• What is expected: The records below are to be duplicated exactly as they appear.

• Dataset records:
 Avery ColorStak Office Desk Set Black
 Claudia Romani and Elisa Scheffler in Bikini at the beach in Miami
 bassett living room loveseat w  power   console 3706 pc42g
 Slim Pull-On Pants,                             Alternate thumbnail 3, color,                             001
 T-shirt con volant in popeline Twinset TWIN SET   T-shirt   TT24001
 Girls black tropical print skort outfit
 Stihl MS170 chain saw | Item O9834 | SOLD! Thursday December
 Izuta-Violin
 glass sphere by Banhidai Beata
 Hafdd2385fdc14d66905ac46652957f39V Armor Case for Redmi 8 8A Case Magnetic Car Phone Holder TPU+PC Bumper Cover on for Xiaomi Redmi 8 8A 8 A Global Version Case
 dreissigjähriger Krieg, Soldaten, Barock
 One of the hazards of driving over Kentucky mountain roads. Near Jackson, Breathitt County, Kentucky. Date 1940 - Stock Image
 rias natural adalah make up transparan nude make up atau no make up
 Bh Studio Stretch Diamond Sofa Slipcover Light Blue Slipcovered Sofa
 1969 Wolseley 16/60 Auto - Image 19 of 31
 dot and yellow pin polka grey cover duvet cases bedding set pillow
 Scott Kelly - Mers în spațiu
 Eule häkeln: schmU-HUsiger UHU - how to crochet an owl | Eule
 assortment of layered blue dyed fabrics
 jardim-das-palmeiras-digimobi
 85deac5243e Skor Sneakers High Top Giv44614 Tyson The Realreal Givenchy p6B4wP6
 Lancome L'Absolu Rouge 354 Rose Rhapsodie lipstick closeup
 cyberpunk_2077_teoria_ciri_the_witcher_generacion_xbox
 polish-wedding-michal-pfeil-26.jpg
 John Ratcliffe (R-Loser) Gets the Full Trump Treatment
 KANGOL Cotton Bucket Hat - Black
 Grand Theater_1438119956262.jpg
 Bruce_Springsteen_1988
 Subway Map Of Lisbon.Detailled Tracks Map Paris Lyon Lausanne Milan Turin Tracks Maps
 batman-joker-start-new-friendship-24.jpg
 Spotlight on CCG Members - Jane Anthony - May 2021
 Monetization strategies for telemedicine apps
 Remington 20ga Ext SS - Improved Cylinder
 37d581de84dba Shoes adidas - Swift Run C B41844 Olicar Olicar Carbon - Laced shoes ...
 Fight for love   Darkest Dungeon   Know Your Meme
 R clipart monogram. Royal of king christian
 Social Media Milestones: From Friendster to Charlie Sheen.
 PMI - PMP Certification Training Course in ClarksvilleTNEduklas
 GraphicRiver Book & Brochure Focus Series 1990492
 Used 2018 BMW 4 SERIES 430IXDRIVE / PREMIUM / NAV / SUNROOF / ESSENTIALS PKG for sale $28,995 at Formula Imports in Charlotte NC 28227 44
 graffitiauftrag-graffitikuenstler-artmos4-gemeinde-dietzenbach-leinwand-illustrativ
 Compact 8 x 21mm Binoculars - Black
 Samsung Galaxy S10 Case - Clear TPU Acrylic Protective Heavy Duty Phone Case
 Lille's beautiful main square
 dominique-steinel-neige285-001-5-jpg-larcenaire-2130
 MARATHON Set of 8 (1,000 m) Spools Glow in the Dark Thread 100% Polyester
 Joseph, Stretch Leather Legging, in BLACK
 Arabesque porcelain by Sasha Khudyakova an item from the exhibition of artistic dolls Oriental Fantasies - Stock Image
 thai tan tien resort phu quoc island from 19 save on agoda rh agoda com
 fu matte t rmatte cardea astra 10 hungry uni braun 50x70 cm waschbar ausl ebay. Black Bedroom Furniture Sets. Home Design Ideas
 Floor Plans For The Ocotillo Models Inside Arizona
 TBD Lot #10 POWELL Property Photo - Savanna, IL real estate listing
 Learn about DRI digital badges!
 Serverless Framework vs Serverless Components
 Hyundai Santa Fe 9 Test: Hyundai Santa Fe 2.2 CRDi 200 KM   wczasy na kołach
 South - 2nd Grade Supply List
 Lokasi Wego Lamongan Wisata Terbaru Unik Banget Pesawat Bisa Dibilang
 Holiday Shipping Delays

• Response for this exercise:
 Avery ColorStak Office Desk Set Black
 Claudia Romani and Elisa Scheffler in Bikini at the beach in Miami
 bassett living room loveseat w  power   console 3706 pc42g
 Slim Pull-On Pants,                             Alternate thumbnail 3, color,                             001
 T-shirt con volant in popeline Twinset TWIN SET   T-shirt   TT24001
 Girls black tropical print skort outfit
 Stihl MS170 chain saw | Item O9834 | SOLD! Thursday December
 Izuta-Violin
 glass sphere by Banhidai Beata
 Hafdd2385fdc14d66905ac46652957f39V Armor Case for Redmi 8 8A Case Magnetic Car Phone Holder TPU+PC Bumper Cover on for Xiaomi Redmi 8 8A 8 A Global Version Case
 dreissigjähriger Krieg, Soldaten, Barock
 One of the hazards of driving over Kentucky mountain roads. Near Jackson, Breathitt County, Kentucky. Date 1940 - Stock Image
 rias natural adalah make up transparan nude make up atau no make up
 Bh Studio Stretch Diamond Sofa Slipcover Light Blue Slipcovered Sofa
 1969 Wolseley 16/60 Auto - Image 19 of 31
 dot and yellow pin polka grey cover duvet cases bedding set pillow
 Scott Kelly - Mers în spațiu
 Eule häkeln: schmU-HUsiger UHU - how to crochet an owl | Eule
 assortment of layered blue dyed fabrics
 jardim-das-palmeiras-digimobi
 85deac5243e Skor Sneakers High Top Giv44614 Tyson The Realreal Givenchy p6B4wP6
 Lancome L'Absolu Rouge 354 Rose Rhapsodie lipstick closeup
 cyberpunk_2077_teoria_ciri_the_witcher_generacion_xbox
 polish-wedding-michal-pfeil-26.jpg
 John Ratcliffe (R-Loser) Gets the Full Trump Treatment
 KANGOL Cotton Bucket Hat - Black
 Grand Theater_1438119956262.jpg
 Bruce_Springsteen_1988
 Subway Map Of Lisbon.Detailled Tracks Map Paris Lyon Lausanne Milan Turin Tracks Maps
 batman-joker-start-new-friendship-24.jpg
 Spotlight on CCG Members - Jane Anthony - May 2021
 Monetization strategies for telemedicine apps
 Remington 20ga Ext SS - Improved Cylinder
 37d581de84dba Shoes adidas - Swift Run C B41844 Olicar Olicar Carbon - Laced shoes ...
 Fight for love   Darkest Dungeon   Know Your Meme
 R clipart monogram. Royal of king christian
 Social Media Milestones: From Friendster to Charlie Sheen.
 PMI - PMP Certification Training Course in ClarksvilleTNEduklas
 GraphicRiver Book & Brochure Focus Series 1990492
 Used 2018 BMW 4 SERIES 430IXDRIVE / PREMIUM / NAV / SUNROOF / ESSENTIALS PKG for sale $28,995 at Formula Imports in Charlotte NC 28227 44
 graffitiauftrag-graffitikuenstler-artmos4-gemeinde-dietzenbach-leinwand-illustrativ
 Compact 8 x 21mm Binoculars - Black
 Samsung Galaxy S10 Case - Clear TPU Acrylic Protective Heavy Duty Phone Case
 Lille's beautiful main square
 dominique-steinel-neige285-001-5-jpg-larcenaire-2130
 MARATHON Set of 8 (1,000 m) Spools Glow in the Dark Thread 100% Polyester
 Joseph, Stretch Leather Legging, in BLACK
 Arabesque porcelain by Sasha Khudyakova an item from the exhibition of artistic dolls Oriental Fantasies - Stock Image
 thai tan tien resort phu quoc island from 19 save on agoda rh agoda com
 fu matte t rmatte cardea astra 10 hungry uni braun 50x70 cm waschbar ausl ebay. Black Bedroom Furniture Sets. Home Design Ideas
 Floor Plans For The Ocotillo Models Inside Arizona
 TBD Lot #10 POWELL Property Photo - Savanna, IL real estate listing
 Learn about DRI digital badges!
 Serverless Framework vs Serverless Components
 Hyundai Santa Fe 9 Test: Hyundai Santa Fe 2.2 CRDi 200 KM   wczasy na kołach
 South - 2nd Grade Supply List
 Lokasi Wego Lamongan Wisata Terbaru Unik Banget Pesawat Bisa Dibilang
 Holiday Shipping Delays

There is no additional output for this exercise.